LegalCrystal Citation
SubjectFamily;Property
CourtAllahabad
Decided On
Judge
Reported in(1913)ILR35All548
AppellantBadri Prasad
RespondentKailashi Kunwar
Excerpt:
act (local) no. iii of 1901 (united provinces land revenue act), sections 107, 111 and 112 - partition--joint hindu family--hindu widow--claim for partition by widow in possession in lieu of maintenance merely, though recorded, solatii causâ, as a co-sharer. - .....in possession in lieu of her maintenance by her husband's brother, and in view of this finding the learned judge held that kailashi kunwar was not entitled to claim partition.2. in our opinion this view of the learned judge is correct. kailashi kunwar, although recorded as a co-sharer, could not claim partition unless it could be proved that she was in fact a co-sharer. this is manifest, as the learned judge points out, from the provisions of sections 111 and 112 of the act. as we have stated above the learned judge has found that kailashi kunwar was in possession, not as a co-sharer but in lieu of her maintenance. this being so, she was not a co-sharer and was not therefore entitled to claim partition. this was held in bhoop singh v. phool kower (1807) n.w.p., h.c. rep., 868 and the.....
Judgment:

Henry Richards, Kt.

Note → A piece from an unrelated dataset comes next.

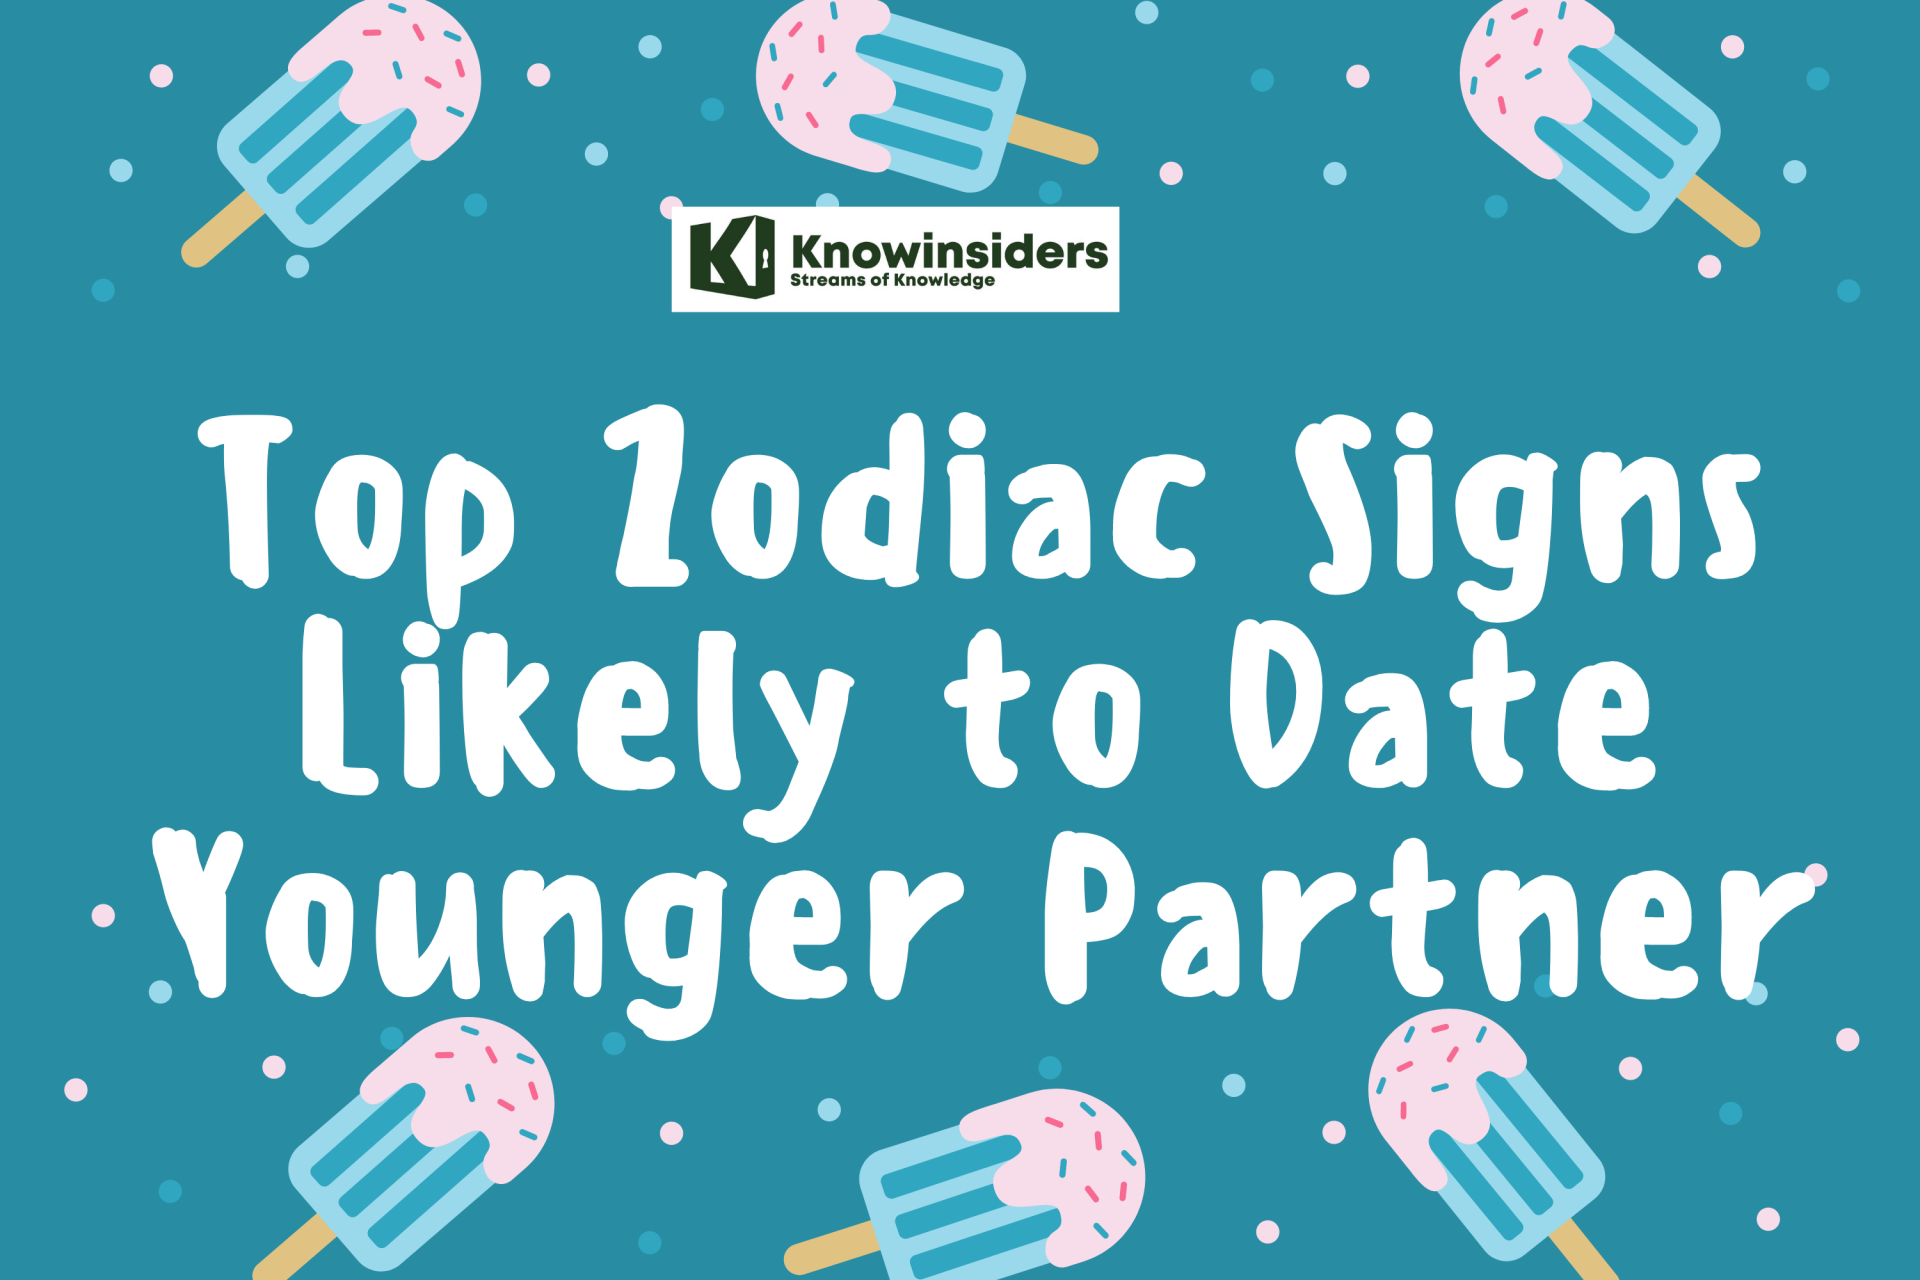 Zodiac Signs are likely to date younger partner. Photo: KnowInsiders

C.J. and Pramada Charan Banerji, J.

1. An application for partition was made to the Revenue Court by Lalta Prasad and others. A proclamation was issued as required by Section 110 of the Land Revenue Act, and on the date fixed in the proclamation the appellant, Musammat Kailashi Kunwar, made an application praying that a four annas share, of which she was in possession and in respect of which her name was recorded, should be formed into a separate mahal. This application was opposed by the respondent, Badri Prasad, who contended that Musammat Kailashi Kunwar was not a co-sharer entitled to partition, but was merely in possession in lieu of maintenance. The court of first instance (the Assistant Collector) determined the question of Kailashi Kunwar's right to obtain partition and decided in her favour. On appeal from its decision, the learned District Judge found that Kailashi Kunwar's possession was not as a co-sharer, that is, as a Hindu widow who had succeeded to the separate estate of her husband, but that under a compromise she had been put in possession in lieu of her maintenance by her husband's brother, and in view of this finding the learned Judge held that Kailashi Kunwar was not entitled to claim partition.

2. In our opinion this view of the learned Judge is correct. Kailashi Kunwar, although recorded as a co-sharer, could not claim partition unless it could be proved that she was in fact a co-sharer. This is manifest, as the learned Judge points out, from the provisions of Sections 111 and 112 of the Act. As we have stated above the learned Judge has found that Kailashi Kunwar was in possession, not as a co-sharer but in lieu of her maintenance. This being so, she was not a co-sharer and was not therefore entitled to claim partition. This was held in Bhoop Singh v. Phool Kower (1807) N.W.P., H.C. Rep., 868 and the same view was affirmed in Jhunna Kuar v. Chain Singh (1881) I.L.R., 3All., 400.

3. It is next contended that the respondent's objection was time-barred. This contention is also incorrect. The application of Kailashi Kunwar was under Clause (2) of Section 110, and, as it was filed on the date fixed in the proclamation and not before the date fixed, it must be deemed to be a first application for partition, and as apparently no fresh proclamation was issued the respondent could come in with his objection and the court was entitled to adjudicate upon it. On this point we may refer to the case of Khasay v. Jugla (1906) I.L.R. 28 All., 482.

4. The appeal fails and is dismissed with costs.